● Problem requirements
Give back every entry, copied exactly.

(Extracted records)
------------------------

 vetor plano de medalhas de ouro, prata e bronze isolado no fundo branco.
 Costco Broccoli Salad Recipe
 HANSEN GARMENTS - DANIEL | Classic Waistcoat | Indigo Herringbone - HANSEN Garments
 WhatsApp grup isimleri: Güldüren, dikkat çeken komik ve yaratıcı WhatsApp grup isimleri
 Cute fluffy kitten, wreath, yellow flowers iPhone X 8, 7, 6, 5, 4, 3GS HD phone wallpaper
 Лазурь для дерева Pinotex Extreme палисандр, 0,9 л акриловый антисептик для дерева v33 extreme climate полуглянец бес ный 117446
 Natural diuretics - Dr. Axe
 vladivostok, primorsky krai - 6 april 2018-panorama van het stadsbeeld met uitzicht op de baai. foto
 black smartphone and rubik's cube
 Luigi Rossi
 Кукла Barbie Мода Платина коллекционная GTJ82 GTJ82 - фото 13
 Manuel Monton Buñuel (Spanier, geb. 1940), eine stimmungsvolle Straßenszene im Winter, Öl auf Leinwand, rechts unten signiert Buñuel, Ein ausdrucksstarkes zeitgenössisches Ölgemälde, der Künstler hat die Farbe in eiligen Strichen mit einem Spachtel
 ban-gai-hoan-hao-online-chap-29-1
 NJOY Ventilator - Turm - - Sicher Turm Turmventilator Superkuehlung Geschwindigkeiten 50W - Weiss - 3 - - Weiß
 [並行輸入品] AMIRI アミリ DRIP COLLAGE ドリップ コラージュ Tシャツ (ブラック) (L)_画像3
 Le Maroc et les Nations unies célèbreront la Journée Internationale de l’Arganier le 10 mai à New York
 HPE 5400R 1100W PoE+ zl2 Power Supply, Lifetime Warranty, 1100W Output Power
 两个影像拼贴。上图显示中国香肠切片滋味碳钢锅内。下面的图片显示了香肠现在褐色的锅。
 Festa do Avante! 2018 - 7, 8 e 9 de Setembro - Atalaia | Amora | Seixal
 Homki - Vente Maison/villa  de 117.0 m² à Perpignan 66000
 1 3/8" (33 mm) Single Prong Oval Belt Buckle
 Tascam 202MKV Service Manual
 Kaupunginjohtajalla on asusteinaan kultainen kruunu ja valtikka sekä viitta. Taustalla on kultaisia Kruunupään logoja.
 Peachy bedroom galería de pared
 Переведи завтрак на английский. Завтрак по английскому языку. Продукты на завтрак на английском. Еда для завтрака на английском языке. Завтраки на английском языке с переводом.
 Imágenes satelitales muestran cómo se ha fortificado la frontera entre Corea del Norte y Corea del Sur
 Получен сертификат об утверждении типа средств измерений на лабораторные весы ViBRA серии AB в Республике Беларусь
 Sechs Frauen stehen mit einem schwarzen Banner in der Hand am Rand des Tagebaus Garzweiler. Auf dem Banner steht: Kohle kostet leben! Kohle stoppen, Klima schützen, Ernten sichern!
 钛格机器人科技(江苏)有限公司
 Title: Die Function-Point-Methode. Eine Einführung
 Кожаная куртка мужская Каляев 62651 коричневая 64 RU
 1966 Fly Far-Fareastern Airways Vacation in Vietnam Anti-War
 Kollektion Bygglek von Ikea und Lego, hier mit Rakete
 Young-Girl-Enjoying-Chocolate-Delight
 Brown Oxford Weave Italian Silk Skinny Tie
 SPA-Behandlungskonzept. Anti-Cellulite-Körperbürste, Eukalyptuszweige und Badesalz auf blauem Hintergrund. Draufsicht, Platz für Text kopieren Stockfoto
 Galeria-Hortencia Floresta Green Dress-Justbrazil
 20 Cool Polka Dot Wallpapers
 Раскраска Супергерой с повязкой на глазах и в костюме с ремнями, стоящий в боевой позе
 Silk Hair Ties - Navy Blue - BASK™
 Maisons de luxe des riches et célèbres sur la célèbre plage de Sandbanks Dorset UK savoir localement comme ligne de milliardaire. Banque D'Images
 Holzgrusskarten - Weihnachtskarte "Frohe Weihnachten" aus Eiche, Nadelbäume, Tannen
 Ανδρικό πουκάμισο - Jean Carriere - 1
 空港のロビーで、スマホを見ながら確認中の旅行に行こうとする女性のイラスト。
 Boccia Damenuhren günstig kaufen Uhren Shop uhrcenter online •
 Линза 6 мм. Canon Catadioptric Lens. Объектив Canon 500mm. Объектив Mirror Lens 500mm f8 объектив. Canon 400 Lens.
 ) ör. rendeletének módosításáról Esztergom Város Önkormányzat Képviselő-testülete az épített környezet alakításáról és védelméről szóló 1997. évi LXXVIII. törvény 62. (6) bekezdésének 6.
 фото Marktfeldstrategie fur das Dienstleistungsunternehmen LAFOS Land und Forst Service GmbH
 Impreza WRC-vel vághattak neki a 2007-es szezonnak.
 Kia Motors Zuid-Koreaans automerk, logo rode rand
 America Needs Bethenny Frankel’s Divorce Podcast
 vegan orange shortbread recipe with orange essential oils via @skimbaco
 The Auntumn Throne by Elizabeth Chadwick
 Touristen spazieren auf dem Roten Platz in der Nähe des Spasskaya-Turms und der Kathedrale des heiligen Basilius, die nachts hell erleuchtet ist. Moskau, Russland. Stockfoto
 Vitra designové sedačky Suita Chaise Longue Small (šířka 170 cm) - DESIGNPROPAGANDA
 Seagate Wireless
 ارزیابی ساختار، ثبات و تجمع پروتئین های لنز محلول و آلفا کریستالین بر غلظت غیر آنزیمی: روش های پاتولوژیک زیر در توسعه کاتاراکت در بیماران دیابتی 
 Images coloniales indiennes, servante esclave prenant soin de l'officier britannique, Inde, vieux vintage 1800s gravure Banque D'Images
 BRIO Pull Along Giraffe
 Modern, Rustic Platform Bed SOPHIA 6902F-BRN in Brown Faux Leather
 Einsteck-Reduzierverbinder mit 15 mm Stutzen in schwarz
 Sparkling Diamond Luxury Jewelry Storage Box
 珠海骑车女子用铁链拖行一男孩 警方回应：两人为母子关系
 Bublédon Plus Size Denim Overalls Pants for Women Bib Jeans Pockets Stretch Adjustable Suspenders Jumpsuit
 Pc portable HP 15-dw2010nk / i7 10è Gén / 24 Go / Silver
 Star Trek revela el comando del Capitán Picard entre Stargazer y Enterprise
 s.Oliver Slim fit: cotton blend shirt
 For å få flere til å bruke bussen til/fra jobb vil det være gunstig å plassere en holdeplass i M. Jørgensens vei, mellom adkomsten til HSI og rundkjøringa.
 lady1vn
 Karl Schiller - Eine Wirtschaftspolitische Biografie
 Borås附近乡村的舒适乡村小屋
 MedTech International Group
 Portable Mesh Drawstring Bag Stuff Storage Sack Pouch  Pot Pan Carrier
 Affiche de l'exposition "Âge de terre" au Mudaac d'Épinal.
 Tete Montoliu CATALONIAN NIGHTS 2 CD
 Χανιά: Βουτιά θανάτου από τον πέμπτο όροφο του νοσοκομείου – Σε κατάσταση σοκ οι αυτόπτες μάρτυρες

------------------------

● Finished exercise
 vetor plano de medalhas de ouro, prata e bronze isolado no fundo branco.
 Costco Broccoli Salad Recipe
 HANSEN GARMENTS - DANIEL | Classic Waistcoat | Indigo Herringbone - HANSEN Garments
 WhatsApp grup isimleri: Güldüren, dikkat çeken komik ve yaratıcı WhatsApp grup isimleri
 Cute fluffy kitten, wreath, yellow flowers iPhone X 8, 7, 6, 5, 4, 3GS HD phone wallpaper
 Лазурь для дерева Pinotex Extreme палисандр, 0,9 л акриловый антисептик для дерева v33 extreme climate полуглянец бес ный 117446
 Natural diuretics - Dr. Axe
 vladivostok, primorsky krai - 6 april 2018-panorama van het stadsbeeld met uitzicht op de baai. foto
 black smartphone and rubik's cube
 Luigi Rossi
 Кукла Barbie Мода Платина коллекционная GTJ82 GTJ82 - фото 13
 Manuel Monton Buñuel (Spanier, geb. 1940), eine stimmungsvolle Straßenszene im Winter, Öl auf Leinwand, rechts unten signiert Buñuel, Ein ausdrucksstarkes zeitgenössisches Ölgemälde, der Künstler hat die Farbe in eiligen Strichen mit einem Spachtel
 ban-gai-hoan-hao-online-chap-29-1
 NJOY Ventilator - Turm - - Sicher Turm Turmventilator Superkuehlung Geschwindigkeiten 50W - Weiss - 3 - - Weiß
 [並行輸入品] AMIRI アミリ DRIP COLLAGE ドリップ コラージュ Tシャツ (ブラック) (L)_画像3
 Le Maroc et les Nations unies célèbreront la Journée Internationale de l’Arganier le 10 mai à New York
 HPE 5400R 1100W PoE+ zl2 Power Supply, Lifetime Warranty, 1100W Output Power
 两个影像拼贴。上图显示中国香肠切片滋味碳钢锅内。下面的图片显示了香肠现在褐色的锅。
 Festa do Avante! 2018 - 7, 8 e 9 de Setembro - Atalaia | Amora | Seixal
 Homki - Vente Maison/villa  de 117.0 m² à Perpignan 66000
 1 3/8" (33 mm) Single Prong Oval Belt Buckle
 Tascam 202MKV Service Manual
 Kaupunginjohtajalla on asusteinaan kultainen kruunu ja valtikka sekä viitta. Taustalla on kultaisia Kruunupään logoja.
 Peachy bedroom galería de pared
 Переведи завтрак на английский. Завтрак по английскому языку. Продукты на завтрак на английском. Еда для завтрака на английском языке. Завтраки на английском языке с переводом.
 Imágenes satelitales muestran cómo se ha fortificado la frontera entre Corea del Norte y Corea del Sur
 Получен сертификат об утверждении типа средств измерений на лабораторные весы ViBRA серии AB в Республике Беларусь
 Sechs Frauen stehen mit einem schwarzen Banner in der Hand am Rand des Tagebaus Garzweiler. Auf dem Banner steht: Kohle kostet leben! Kohle stoppen, Klima schützen, Ernten sichern!
 钛格机器人科技(江苏)有限公司
 Title: Die Function-Point-Methode. Eine Einführung
 Кожаная куртка мужская Каляев 62651 коричневая 64 RU
 1966 Fly Far-Fareastern Airways Vacation in Vietnam Anti-War
 Kollektion Bygglek von Ikea und Lego, hier mit Rakete
 Young-Girl-Enjoying-Chocolate-Delight
 Brown Oxford Weave Italian Silk Skinny Tie
 SPA-Behandlungskonzept. Anti-Cellulite-Körperbürste, Eukalyptuszweige und Badesalz auf blauem Hintergrund. Draufsicht, Platz für Text kopieren Stockfoto
 Galeria-Hortencia Floresta Green Dress-Justbrazil
 20 Cool Polka Dot Wallpapers
 Раскраска Супергерой с повязкой на глазах и в костюме с ремнями, стоящий в боевой позе
 Silk Hair Ties - Navy Blue - BASK™
 Maisons de luxe des riches et célèbres sur la célèbre plage de Sandbanks Dorset UK savoir localement comme ligne de milliardaire. Banque D'Images
 Holzgrusskarten - Weihnachtskarte "Frohe Weihnachten" aus Eiche, Nadelbäume, Tannen
 Ανδρικό πουκάμισο - Jean Carriere - 1
 空港のロビーで、スマホを見ながら確認中の旅行に行こうとする女性のイラスト。
 Boccia Damenuhren günstig kaufen Uhren Shop uhrcenter online •
 Линза 6 мм. Canon Catadioptric Lens. Объектив Canon 500mm. Объектив Mirror Lens 500mm f8 объектив. Canon 400 Lens.
 ) ör. rendeletének módosításáról Esztergom Város Önkormányzat Képviselő-testülete az épített környezet alakításáról és védelméről szóló 1997. évi LXXVIII. törvény 62. (6) bekezdésének 6.
 фото Marktfeldstrategie fur das Dienstleistungsunternehmen LAFOS Land und Forst Service GmbH
 Impreza WRC-vel vághattak neki a 2007-es szezonnak.
 Kia Motors Zuid-Koreaans automerk, logo rode rand
 America Needs Bethenny Frankel’s Divorce Podcast
 vegan orange shortbread recipe with orange essential oils via @skimbaco
 The Auntumn Throne by Elizabeth Chadwick
 Touristen spazieren auf dem Roten Platz in der Nähe des Spasskaya-Turms und der Kathedrale des heiligen Basilius, die nachts hell erleuchtet ist. Moskau, Russland. Stockfoto
 Vitra designové sedačky Suita Chaise Longue Small (šířka 170 cm) - DESIGNPROPAGANDA
 Seagate Wireless
 ارزیابی ساختار، ثبات و تجمع پروتئین های لنز محلول و آلفا کریستالین بر غلظت غیر آنزیمی: روش های پاتولوژیک زیر در توسعه کاتاراکت در بیماران دیابتی 
 Images coloniales indiennes, servante esclave prenant soin de l'officier britannique, Inde, vieux vintage 1800s gravure Banque D'Images
 BRIO Pull Along Giraffe
 Modern, Rustic Platform Bed SOPHIA 6902F-BRN in Brown Faux Leather
 Einsteck-Reduzierverbinder mit 15 mm Stutzen in schwarz
 Sparkling Diamond Luxury Jewelry Storage Box
 珠海骑车女子用铁链拖行一男孩 警方回应：两人为母子关系
 Bublédon Plus Size Denim Overalls Pants for Women Bib Jeans Pockets Stretch Adjustable Suspenders Jumpsuit
 Pc portable HP 15-dw2010nk / i7 10è Gén / 24 Go / Silver
 Star Trek revela el comando del Capitán Picard entre Stargazer y Enterprise
 s.Oliver Slim fit: cotton blend shirt
 For å få flere til å bruke bussen til/fra jobb vil det være gunstig å plassere en holdeplass i M. Jørgensens vei, mellom adkomsten til HSI og rundkjøringa.
 lady1vn
 Karl Schiller - Eine Wirtschaftspolitische Biografie
 Borås附近乡村的舒适乡村小屋
 MedTech International Group
 Portable Mesh Drawstring Bag Stuff Storage Sack Pouch  Pot Pan Carrier
 Affiche de l'exposition "Âge de terre" au Mudaac d'Épinal.
 Tete Montoliu CATALONIAN NIGHTS 2 CD
 Χανιά: Βουτιά θανάτου από τον πέμπτο όροφο του νοσοκομείου – Σε κατάσταση σοκ οι αυτόπτες μάρτυρες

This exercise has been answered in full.